De todas las casas señoriales que en hilera jalonan la playa de Santa Marina de Ribadesella, levantadas en los inicios del siglo pasado, tras la apertura del balneario por iniciativa de los marqueses de Arguelles, mi preferida es villa Rosario.
Y no es que no me parezca encantadora la sobriedad de planta del chalet Piñan, hoy dedicado a albergue, o no me maraville el color de los azulejos del chalet verde, ni que no se me queden prendidos los ojos en la torre en esquinera ornamentada con motivos florales del chalet de los marqueses de Arguelles.
Y tampoco es que tenga yo afición a lo excesivo o recargado, pero esa suerte de fiesta modernista, en la que cada motivo arquitectónico pide una fotografía, me gusta tanto que no creo que sea capaz de describirla, y eso es lo que me suele ocurrir cuando me encuentro con algo que es infinitamente mejor que lo que yo jamás pueda llegar a escribir.

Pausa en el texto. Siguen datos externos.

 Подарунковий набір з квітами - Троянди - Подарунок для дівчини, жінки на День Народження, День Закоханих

En Villa Rosario, actualmente reconvertida en un hotel, te quedas sin miradas para las cubiertas amansardadas con aristas, las torres asimétricas, los balcones, uno de peineta en el porche y otro adintelado al nordeste, las galerías acristaladas, tan de este clima, y las terrazas, la mayor con balaustrada, de otros climas, sus exquisitos tonos azulados inspirados en el mar cantábrico, y las tejas vitrificadas, como escamas de colores brillando al sol.

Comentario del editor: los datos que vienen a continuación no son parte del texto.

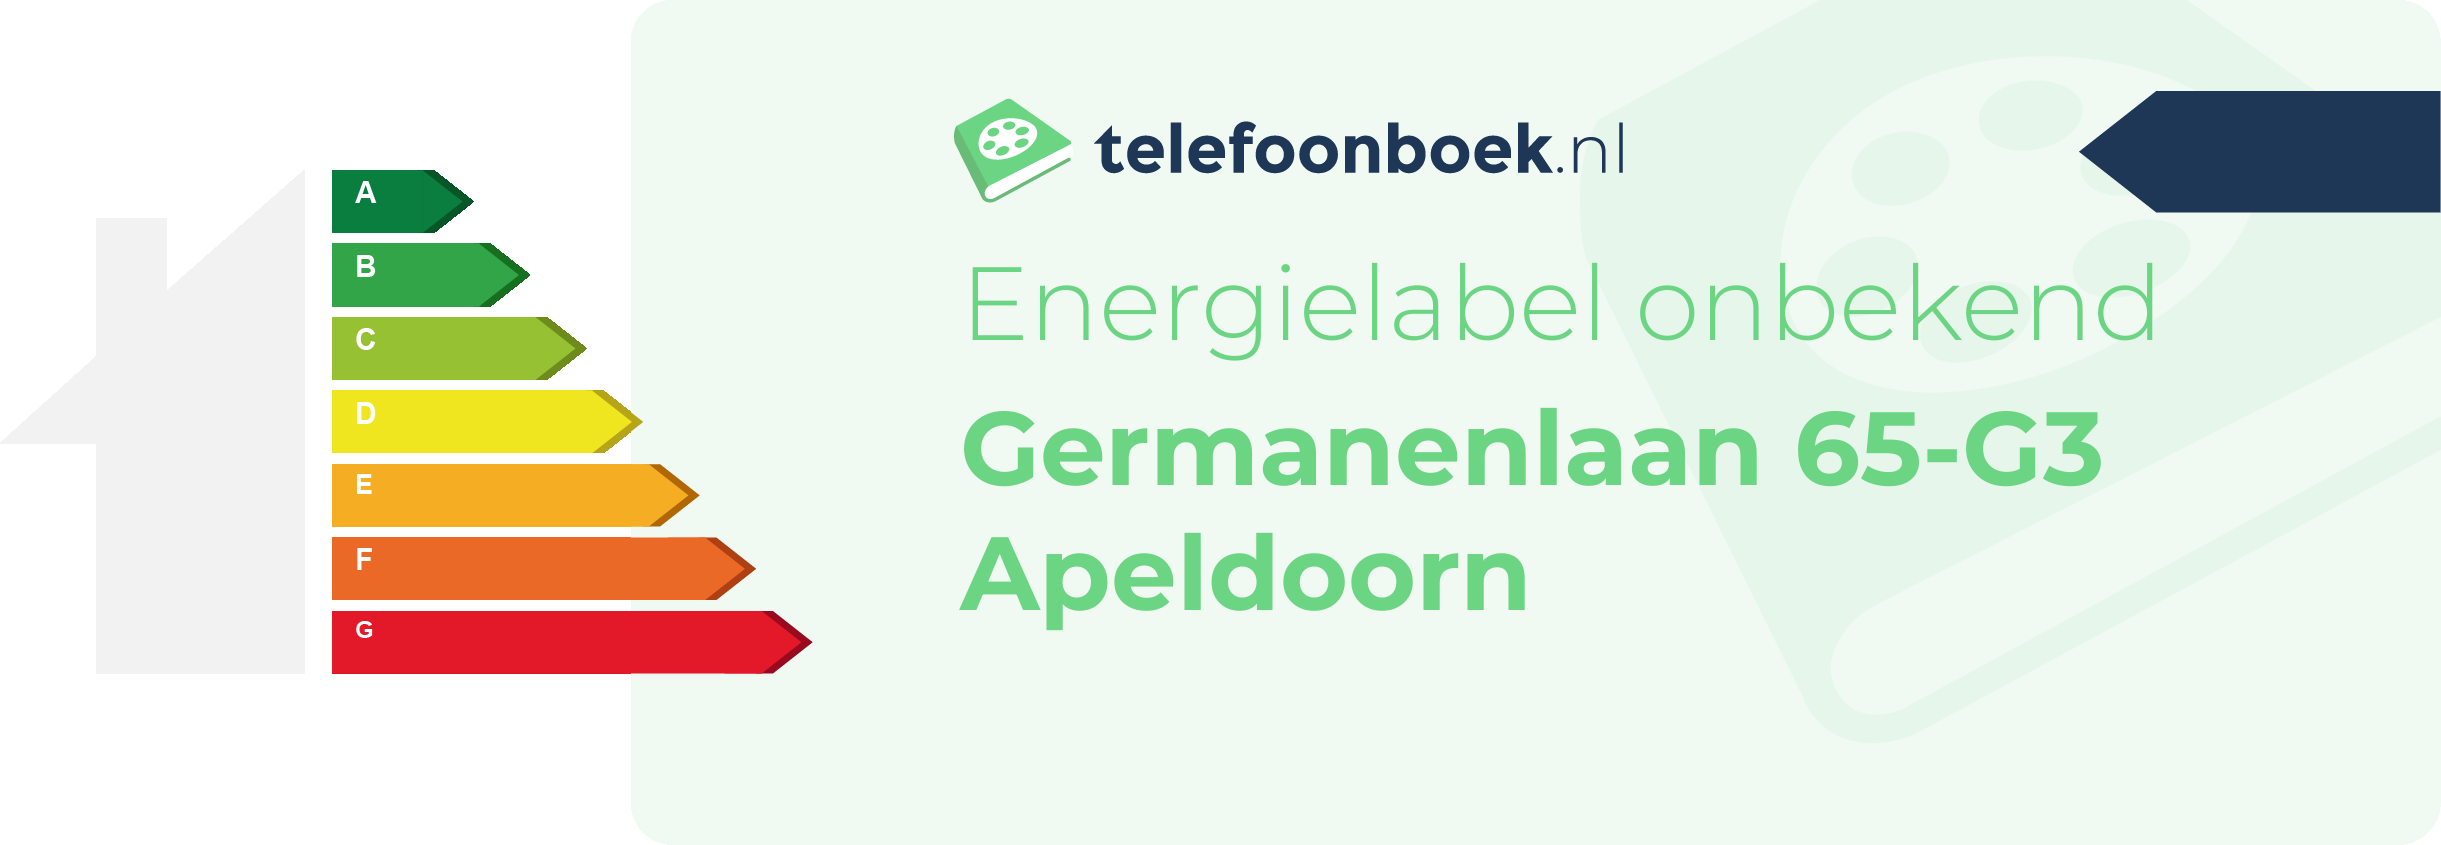 Energielabel Germanenlaan 65-G3 Apeldoorn

Este palacete, villa o chalet, fue construido por un indiano natural de Margolles, Cangas de Onís, Antonio Quesada González, que muy joven emigró a Cuba, seguramente viajando en el mítico bergantín “La Habana” que partía del puerto riosellano.
Tras hacer fortuna vendiendo tabaco seco y triturado, se casa con su prima Rosario Quesada, y de vuelta a España compra, en 1912, el solar a la marquesa, y hace realidad su sueño, al que da el nombre de su esposa: Rosario.
No hay conformidad sobre quién fue el arquitecto de tan apabullante mansión, unos textos recogen que se trató de Manuel del Busto, otros se la adjudican a José Quesada Espulgas, hermanastro de su mujer, pero fuera uno u otro, cuentan que el indiano, a la vista del gran despliegue de elementos decorativos, le espetó: “Para, no añadas más cosas, que ya me he cansado”.
Orillando un visible atentado arquitectónico, todas estas edificaciones que se alzan en la playa de Santa Marina, donde suavemente desemboca el Sella conformando un precioso estuario, se combinan entre sí y siguen inalterables, ofreciendo un escaparate de la suntuosidad, vistosidad y coquetería de la construcción indiana.
Y como final de este paseo, les recomiendo volver por la calle interior, para apreciar las fachadas orientadas al mediodía.